How Dundas Got Its Name
BACKGROUND
In the late 18th century no town yet existed in the valley, and the farmers who lived here considered themselves to be on the edge of the colonial frontier. However, the area did attract the attention of Upper Canada’s first Lieutenant Governor, John Graves Simcoe, who saw the valley as a natural defensive position, ideal for the building of a fort.

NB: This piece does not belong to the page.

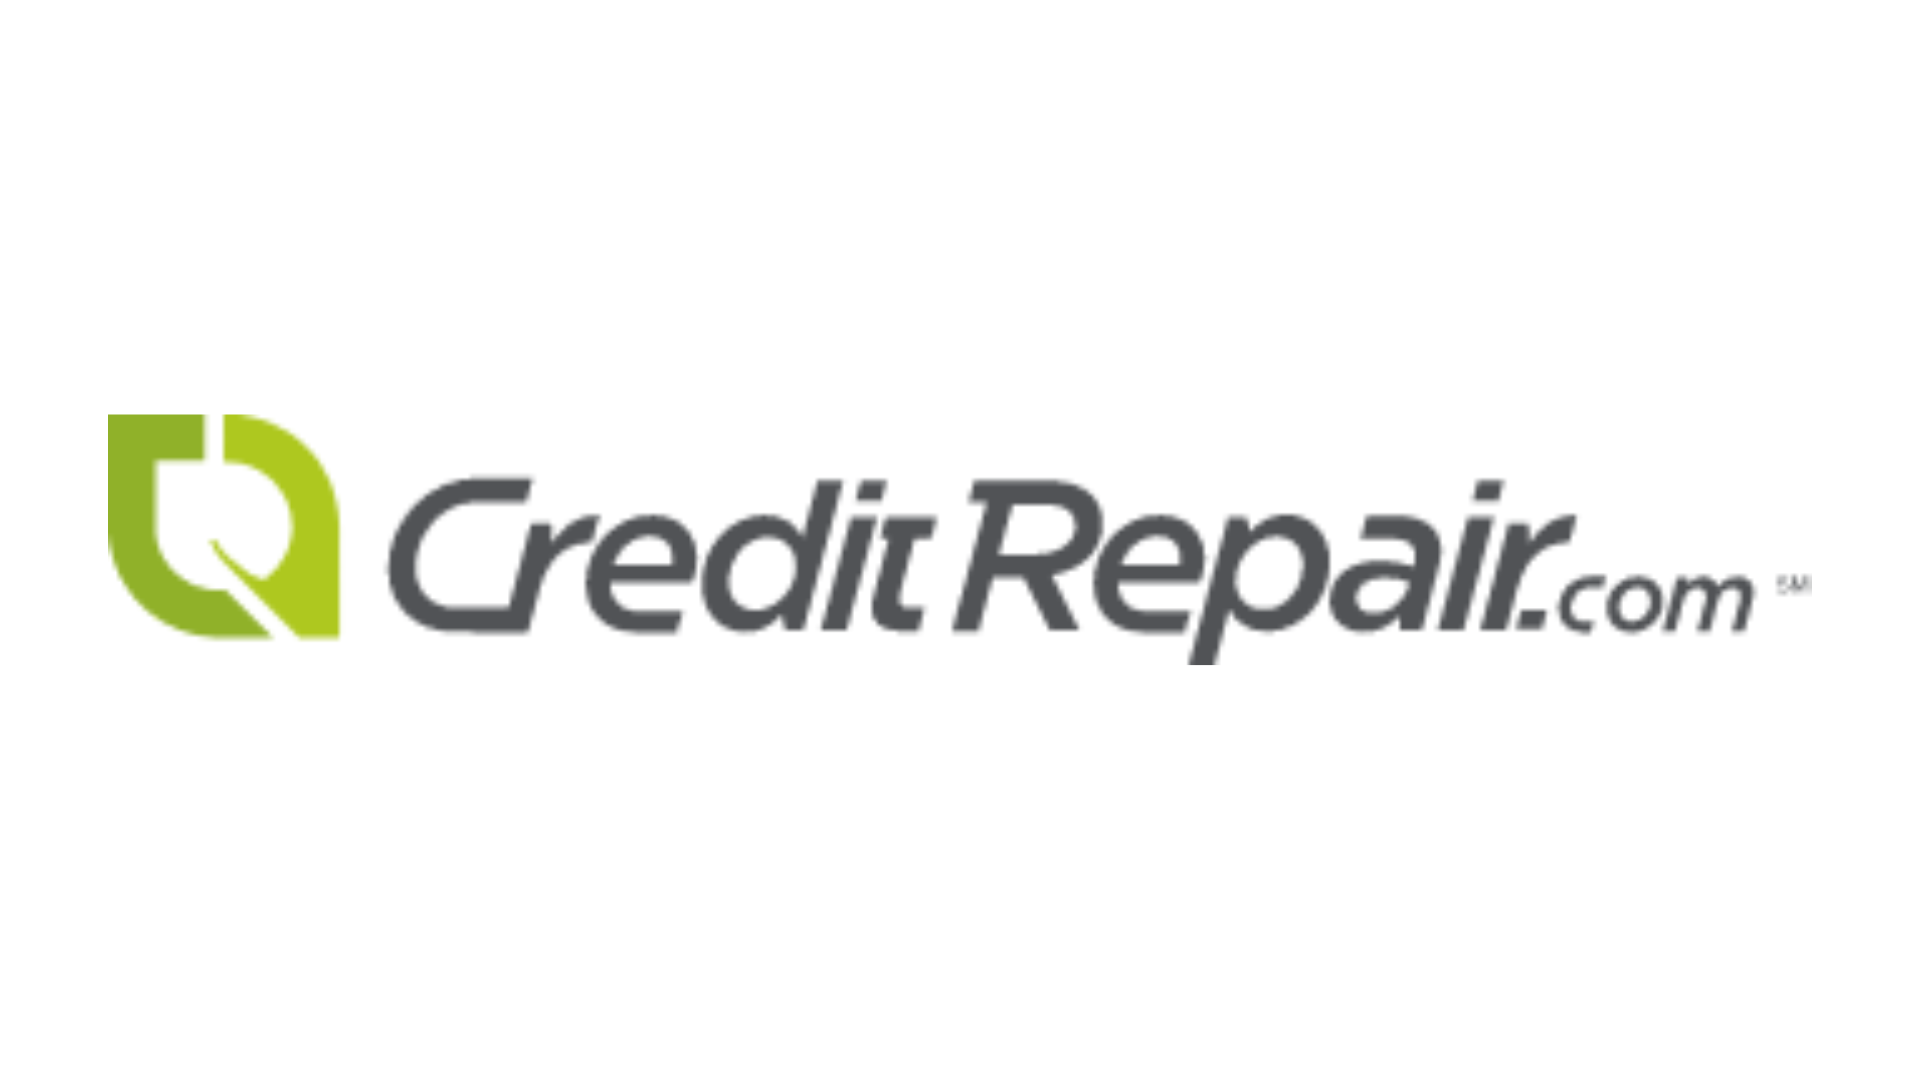 Credit Repair New York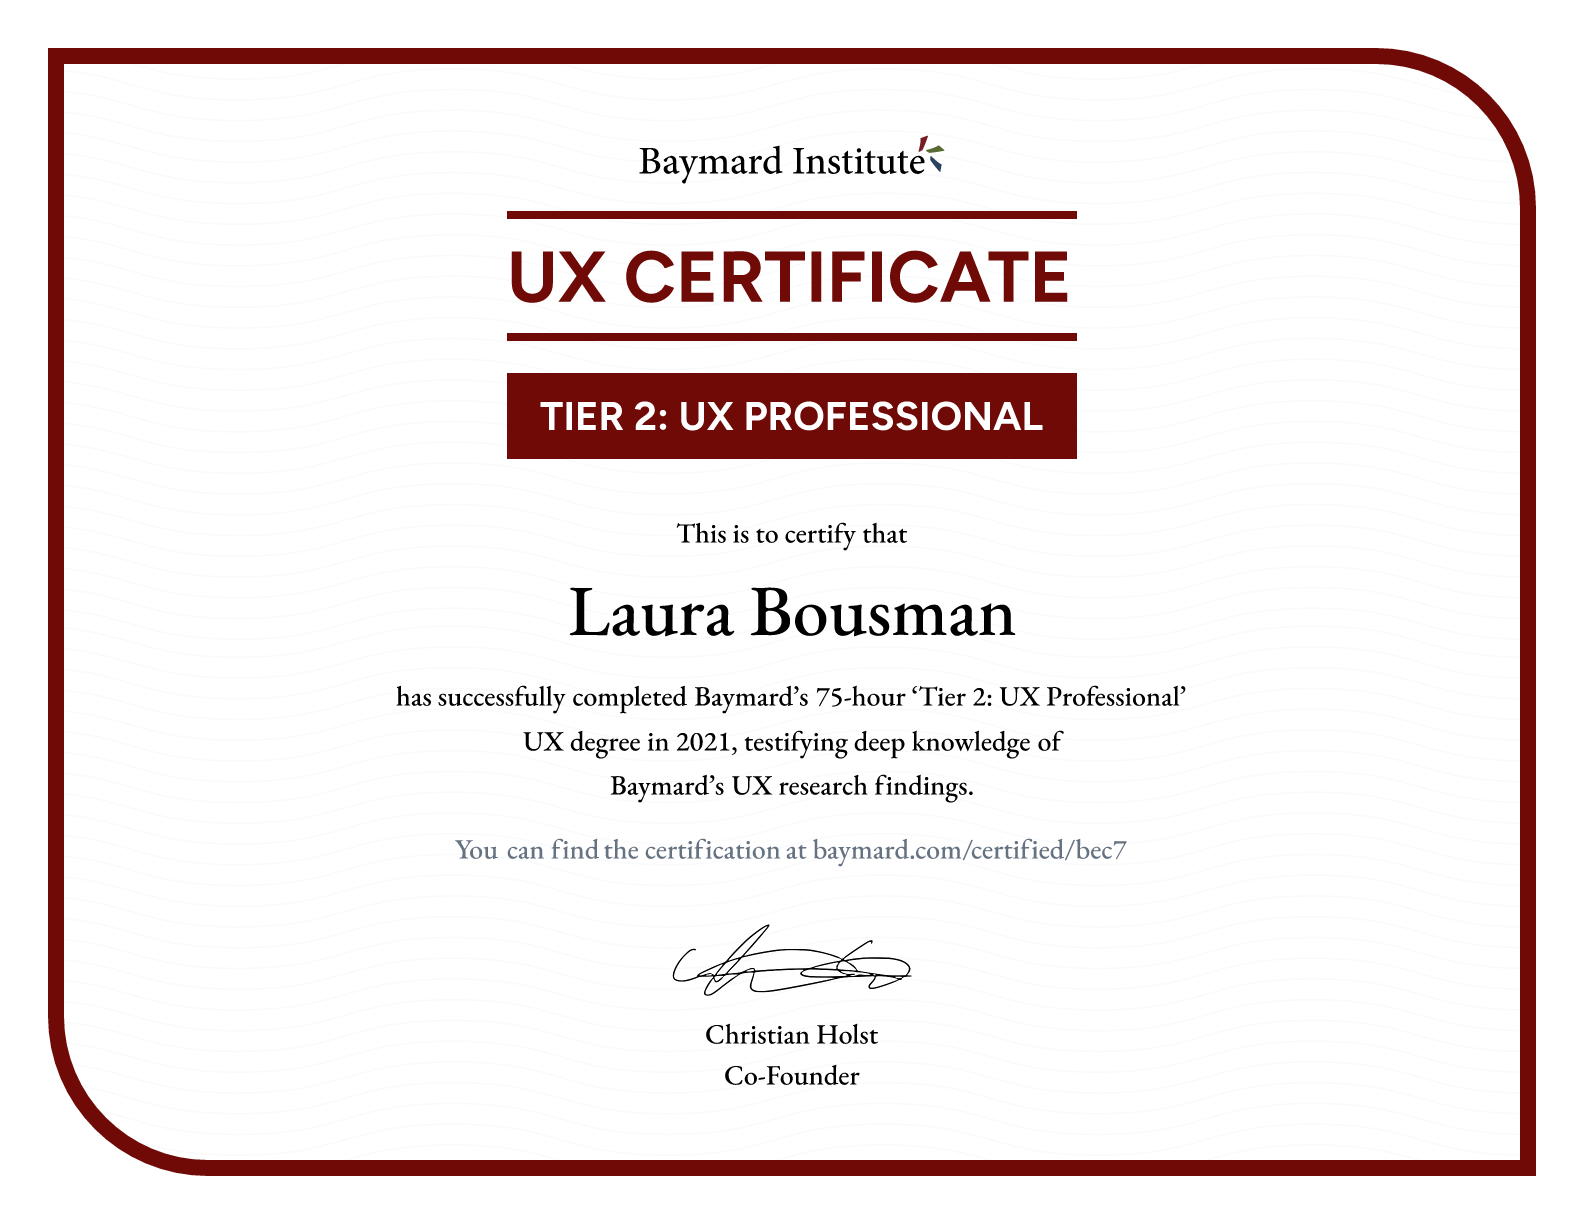 Laura Bousman’s certificate

Simcoe feared that the American’s might attempt to invade Canada again as they had during the American Revolution (he was right, they would invade again in 1812). To prepare for the possibility, he ordered the construction of two vast military roads stretching across the colony. In an attempt to gain funding from Britain he named these roads Yonge Street, after Secretary at War Sir George Yonge, and Dundas Street, after the Secretary of State for the Home Office Sir Henry Dundas. Still thinking he might one day build a fort there, Simcoe planned Dundas Street to run through the area that would one day be the Town of Dundas.
THE NAMING OF DUNDAS
In 1801 the wealthy Englishman Richard Hatt moved to the area from Ancaster and began constructing a large milling complex at the conjunction of Dundas Street and Spencer Creek. He named his operation the ‘Dundas Mills’ after the street on which they were located. Hatt was interested in attracting settlers to the valley to work in his various mills and workshops, and so opened a post office in his mill so that locals could correspond with the outside world. Mail coming to this office was first addressed to the ‘Dundas Mills’, and eventually just ‘Dundas’. By the end of the War of 1812, the name had stuck, and the various settlers who came to the area after writing to their friends and family knew it only as ‘Dundas’
DUNDAS AND HENRY DUNDAS
Because of the informal nature by which Dundas got its name, its people have for most of their history been largely unaware of their namesake. Existing documentation from the time of incorporation does not mention Henry Dundas as the namesake. By the mid-1800s Dundas had a large Scottish population who may have been attracted to the name simply for its Scottish nature. However, it is interesting to note that Henry Dundas was widely despised by most 19th century Scots, as they considered him and Anglophile who had betrayed the rights of his people for power and wealth.